Instructions for the task
For the entries that follow, restate word for word the line containing "Rocol 78344 Metalflo", the line containing "Evropska banka: Bitkoin", and every line that lies between them.

==== Source records ====

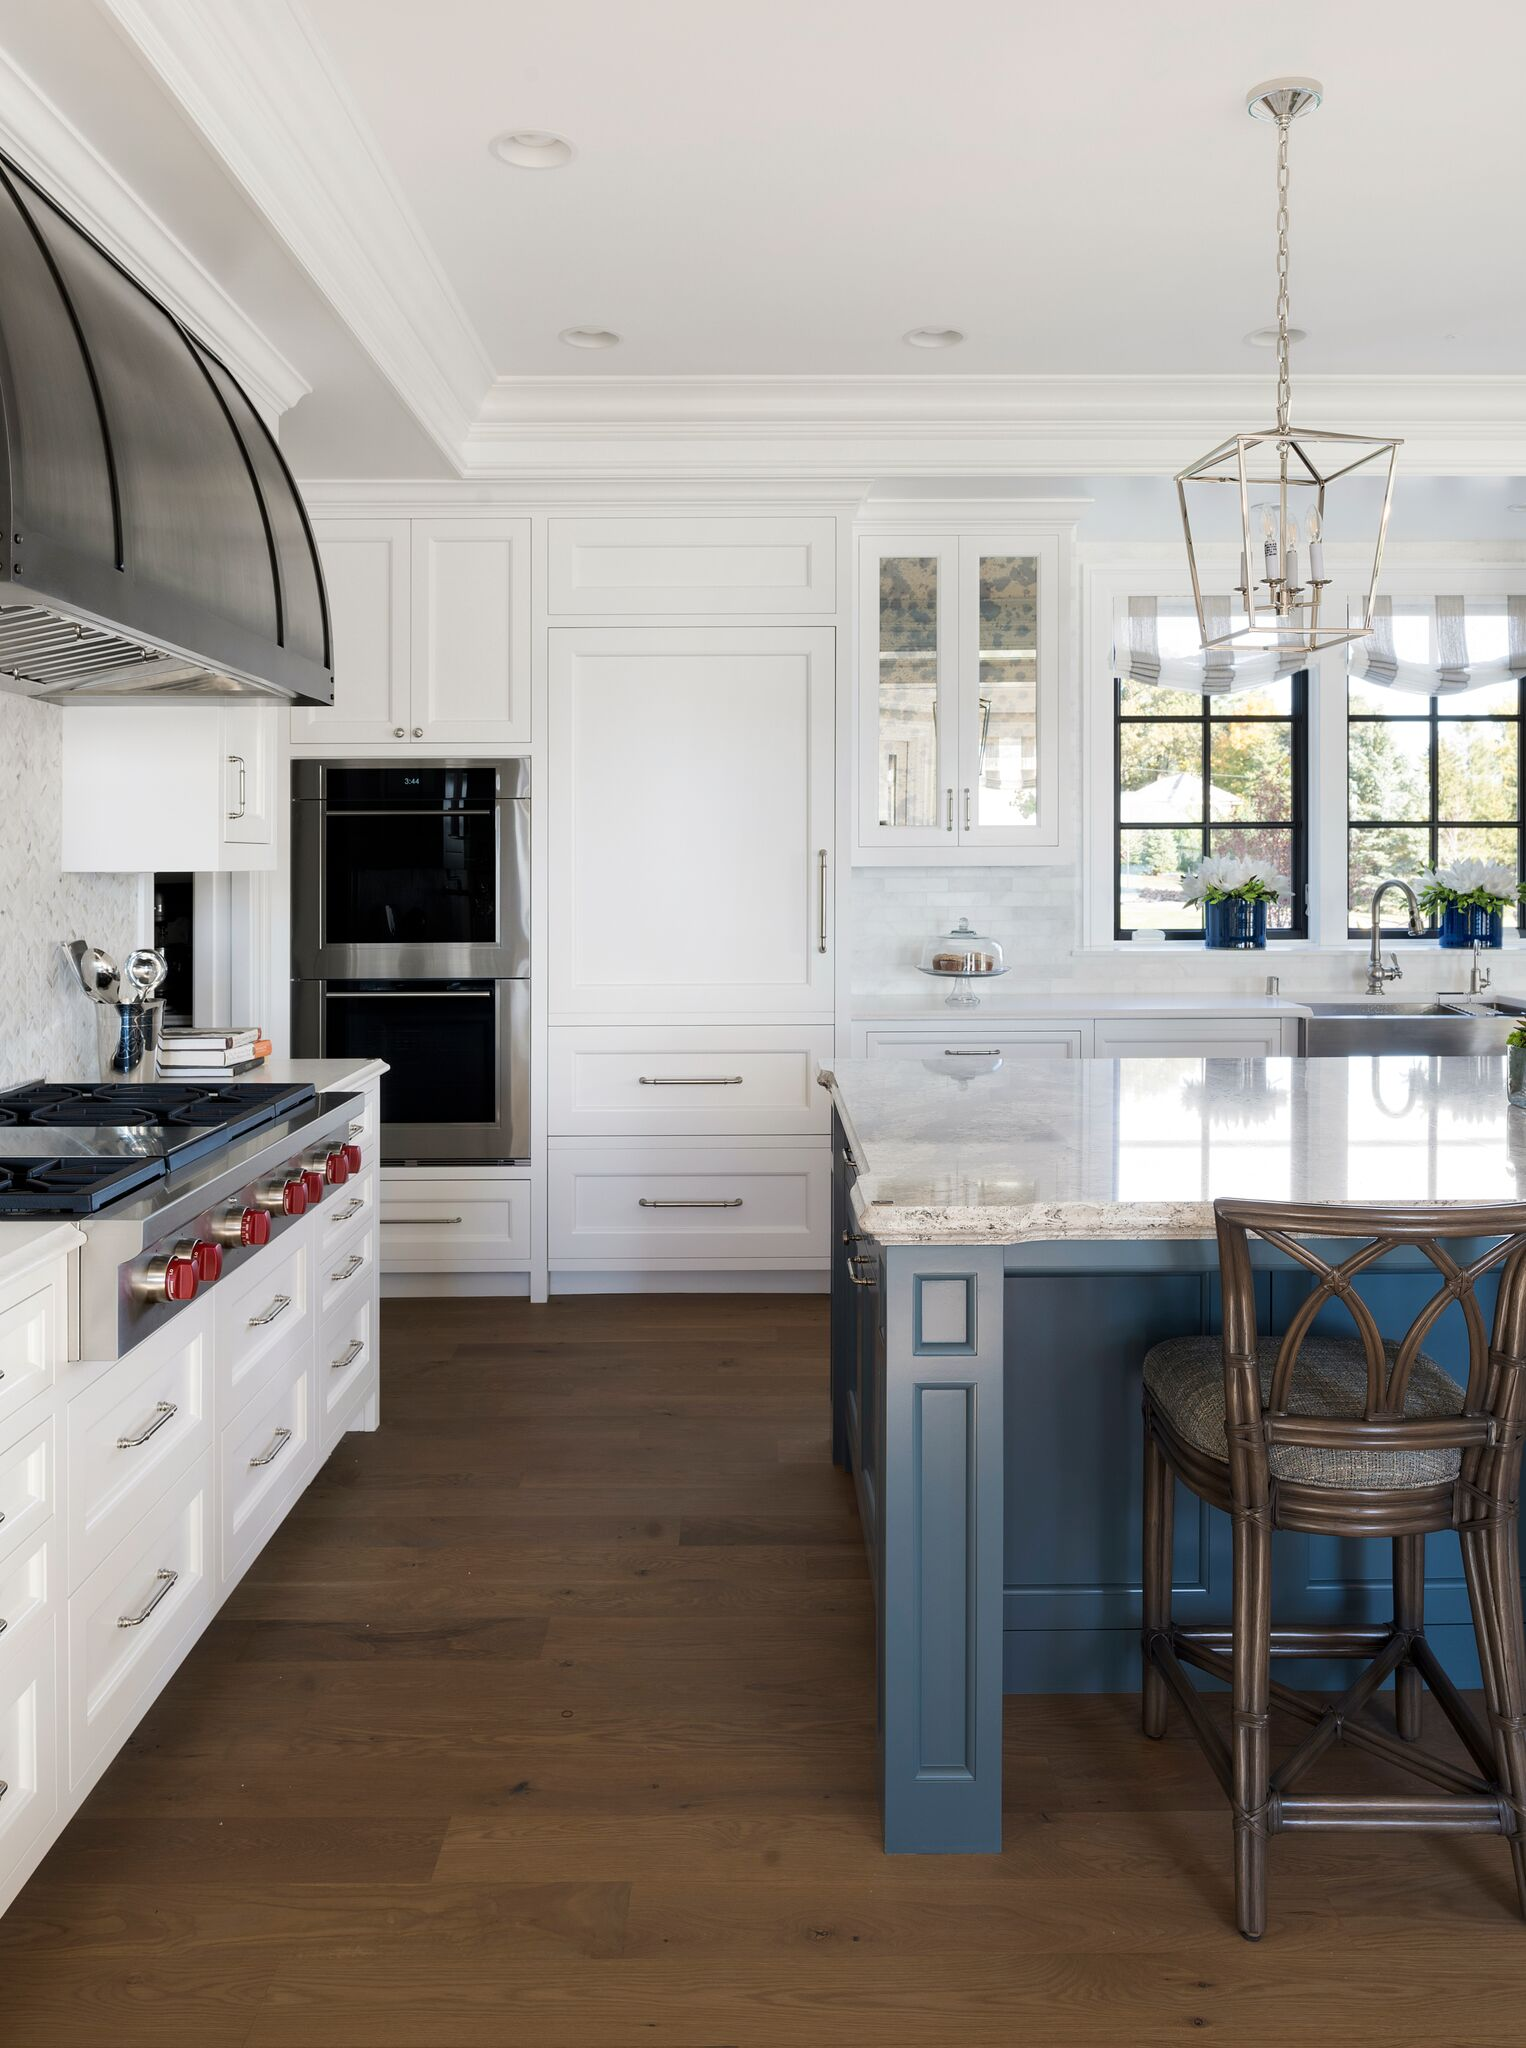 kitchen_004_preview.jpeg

====
==== Source records ====

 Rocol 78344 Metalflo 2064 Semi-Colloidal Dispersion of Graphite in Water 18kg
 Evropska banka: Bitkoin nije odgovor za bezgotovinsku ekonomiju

====

Answer
 Rocol 78344 Metalflo 2064 Semi-Colloidal Dispersion of Graphite in Water 18kg
 Evropska banka: Bitkoin nije odgovor za bezgotovinsku ekonomiju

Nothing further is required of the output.